Investigators with Mississippi Department of Education have been in and out of classrooms in Columbus since November, checking on all 472 students with special education needs in the Columbus Municipal School District.
The investigation is per a complaint filed on behalf of all SPED students in CMSD, alleging they are being denied access to services and accommodations federal law entitles them to, and that evaluations required to get them those services are not happening quickly enough.
Essentially, the complaint alleges, CMSD’s disabled children aren’t getting what they need to be educated.
Columbus resident Heather Ford said she filed the complaint with MDE on Oct. 16, a few weeks after attending a September CMSD board of trustees meeting specifically addressing what board president Jason Spears called “an amplified voice” of parents concerned about the district’s SPED department.

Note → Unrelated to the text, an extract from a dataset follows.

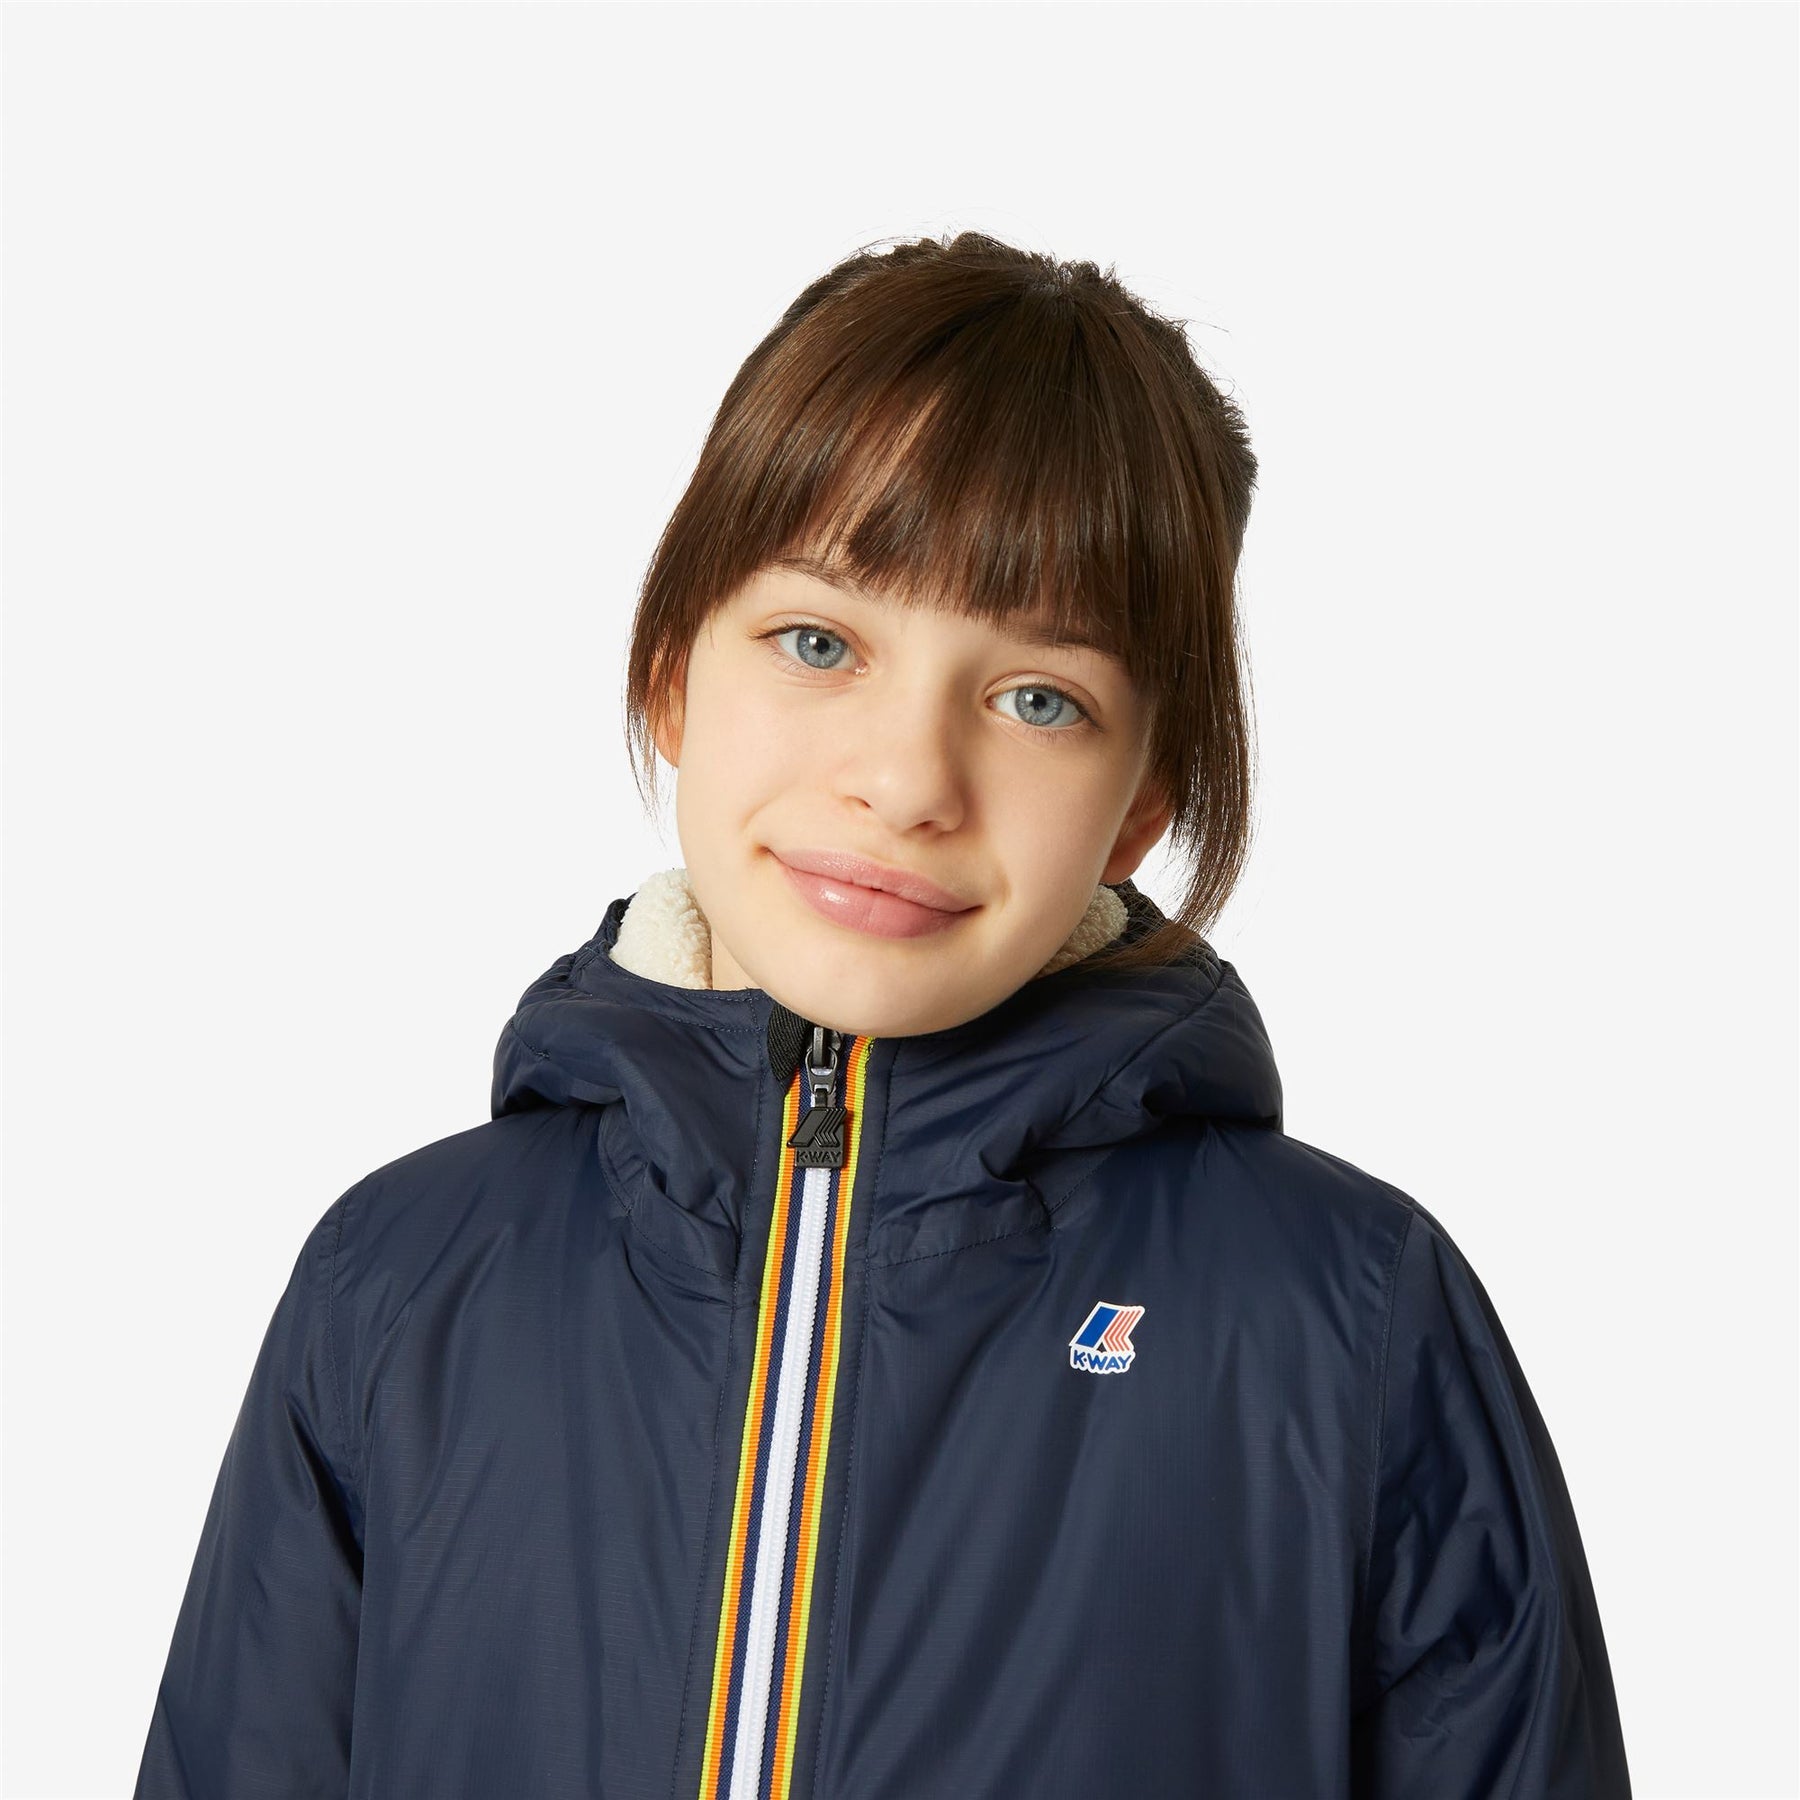 Eiffel Orsetto - Kids Lined Jackets in Ecru - Blue Depth

Ford is a teacher who spent five years working for CMSD in the late 1990s and early 2000s and now teaches at a school outside the district. She has close friends with special needs children, and while not SPED-certified herself, she has taught students who require SPED accommodations — mostly children who need speech therapy, she said.
“For years I have heard of the things that were done that were not right, the IEPs (individualized education plans) that were not done in a timely fashion, the services that they said they were going to provide that were not provided,” Ford said. “When the new administration came in three years ago … the level of care that the special needs children got, from what I understood, went down significantly.”
After talking with one SPED parent who had already filed a complaint on behalf of his child, she decided to file on behalf of every student.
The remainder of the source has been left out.